Startup and entrepreneurial businesses face plenty of obstacles and pitfalls along the path to sustainability and success. Besides dealing with the obvious challenges, such as earning funding, building a team, and spreading a marketing message, startups are now facing a new menace posed by a far less notable foe.
The poet and activist Audre Lorde is famously quoted as saying “There are no new ideas. There are only new ways of making them felt.” Patent trolls, individuals or organizations that lay claim to and police the use of intellectual property like innovate concepts, design patents, and even web domains, are proving that this concept can be leveraged against the success of a startup or even a Fortune 500 company.

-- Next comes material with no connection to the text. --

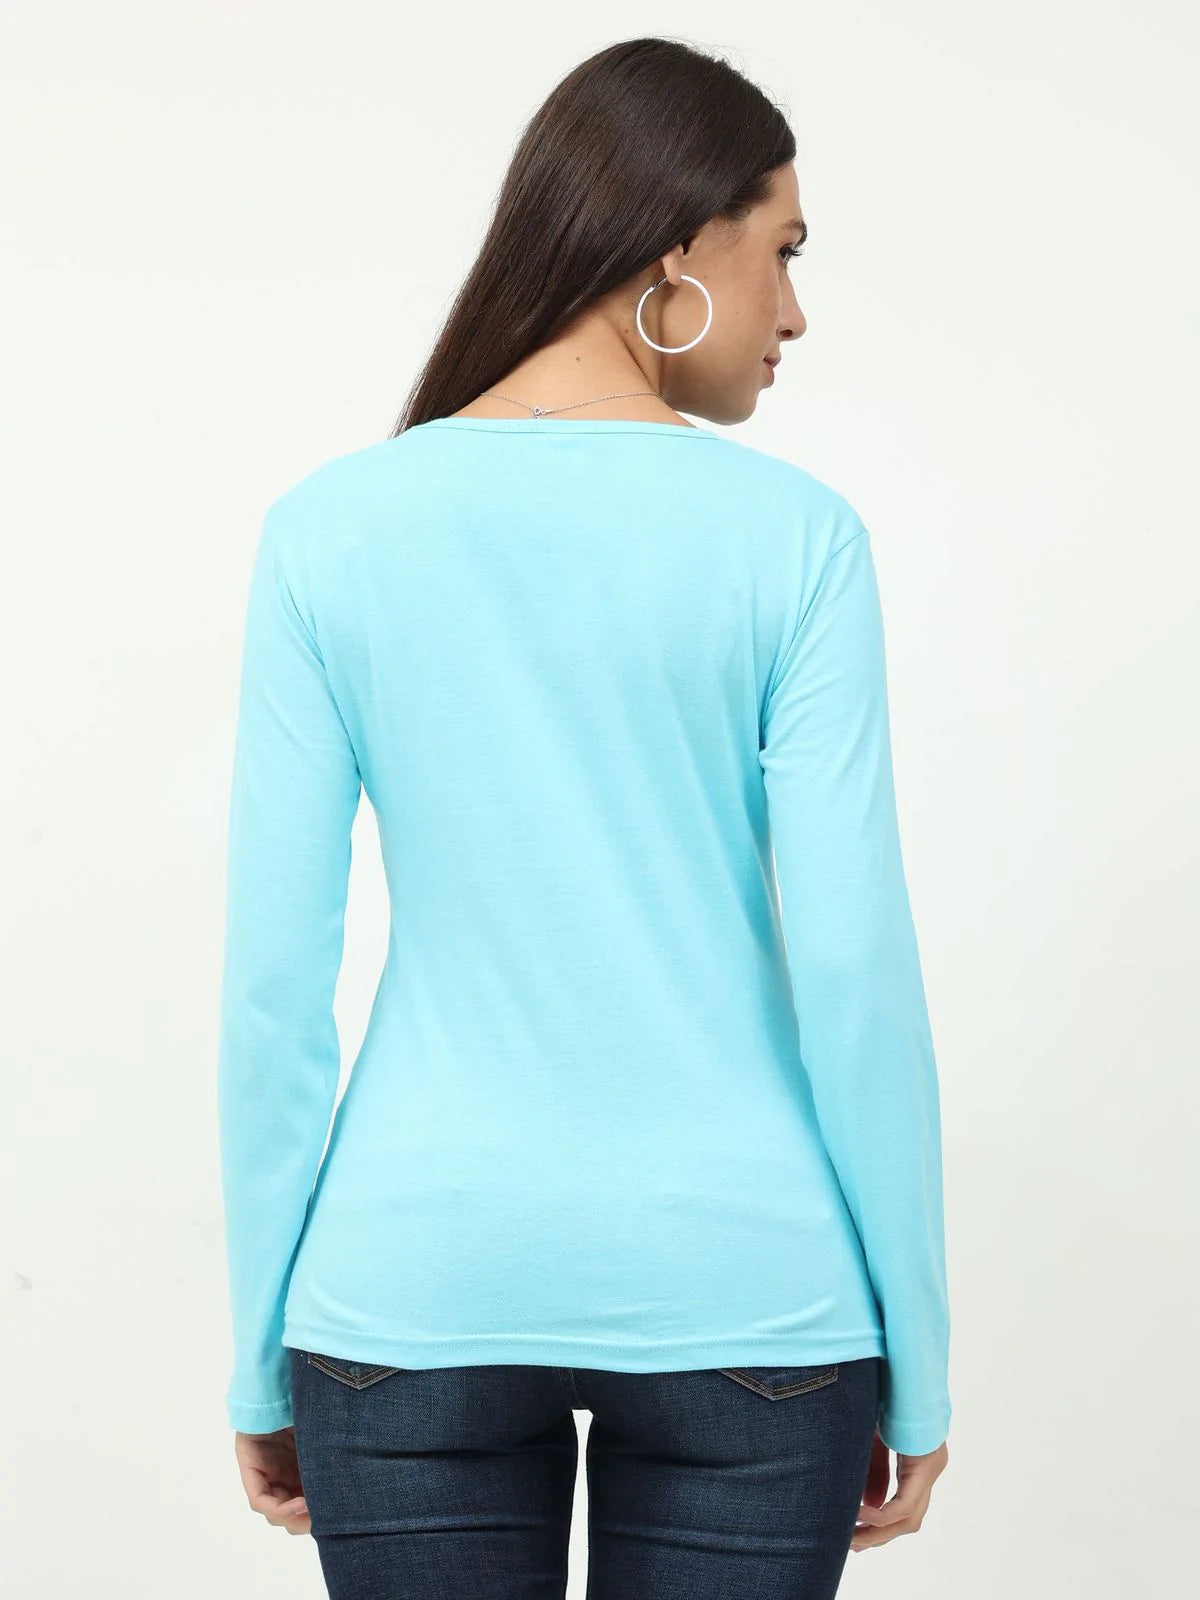 Ladies Cotton Round Neck T Shirt, Size: XL-40 at Rs 100/piece in

Also known as copyright trolls, these entities do not, in most cases, use the patents, trademarks, or copyrights they own, but rather prevent others from profiting off of the use of ‘owned’ property.
These organizations are highly controversial in nature and detrimental to the success of many other businesses – especially in today’s environment where innovation and technology drive the cutting edge. They operate well within legal limitations, regardless of their poor public perception. A patent, easy to obtain, if valid and infringed in court, can lead to millions of dollars in damages. The ‘business’ of patent or copyright trolling can be particularly attractive, growing the threat.
Awareness of patent trolls is generally low on an entrepreneur or SMB’s radar when creating a strategy to go-to-market or to market to a target audience, but the threat is real. In the case of a fragile young company with little or no safety net, incurring a lawsuit over even the borderline use of a patented idea can be devastating.
Before any business takes a step, the consequences of the decisions being made are constantly evaluated. Considering and thoroughly researching whether someone owns the ideas or technologies powering a business can protect it from a major disaster.